• [What you have to do]:
In the records below, some lines hold the word "with". Copy each of those lines.

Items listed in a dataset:

■ ■ ■

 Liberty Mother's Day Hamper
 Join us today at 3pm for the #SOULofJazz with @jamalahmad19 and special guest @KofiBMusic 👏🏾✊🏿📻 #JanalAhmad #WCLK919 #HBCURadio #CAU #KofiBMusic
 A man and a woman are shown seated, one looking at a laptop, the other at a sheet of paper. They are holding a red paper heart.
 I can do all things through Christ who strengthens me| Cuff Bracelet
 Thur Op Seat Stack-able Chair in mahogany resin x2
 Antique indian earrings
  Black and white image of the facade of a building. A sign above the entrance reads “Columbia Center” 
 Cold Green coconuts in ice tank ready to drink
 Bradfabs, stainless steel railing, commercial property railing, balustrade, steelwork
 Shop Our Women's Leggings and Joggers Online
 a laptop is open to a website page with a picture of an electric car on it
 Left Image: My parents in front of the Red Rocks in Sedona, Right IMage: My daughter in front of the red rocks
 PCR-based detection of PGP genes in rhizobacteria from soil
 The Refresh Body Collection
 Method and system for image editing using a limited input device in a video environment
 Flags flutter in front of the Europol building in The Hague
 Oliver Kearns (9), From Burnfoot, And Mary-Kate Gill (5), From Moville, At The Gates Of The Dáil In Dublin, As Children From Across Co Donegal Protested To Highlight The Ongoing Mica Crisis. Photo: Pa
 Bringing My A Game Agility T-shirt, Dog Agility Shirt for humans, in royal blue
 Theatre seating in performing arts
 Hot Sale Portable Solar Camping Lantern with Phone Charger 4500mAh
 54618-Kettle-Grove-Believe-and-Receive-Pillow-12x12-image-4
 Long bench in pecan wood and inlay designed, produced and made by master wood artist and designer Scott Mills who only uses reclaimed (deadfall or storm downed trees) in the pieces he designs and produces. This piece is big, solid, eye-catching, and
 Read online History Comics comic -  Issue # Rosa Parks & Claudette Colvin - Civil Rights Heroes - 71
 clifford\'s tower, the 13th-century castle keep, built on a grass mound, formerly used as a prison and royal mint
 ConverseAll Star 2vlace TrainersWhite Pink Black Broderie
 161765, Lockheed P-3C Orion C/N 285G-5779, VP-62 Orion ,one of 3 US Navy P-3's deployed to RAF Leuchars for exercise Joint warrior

■ ■ ■

• [Response]:
 Join us today at 3pm for the #SOULofJazz with @jamalahmad19 and special guest @KofiBMusic 👏🏾✊🏿📻 #JanalAhmad #WCLK919 #HBCURadio #CAU #KofiBMusic
 a laptop is open to a website page with a picture of an electric car on it
 Hot Sale Portable Solar Camping Lantern with Phone Charger 4500mAh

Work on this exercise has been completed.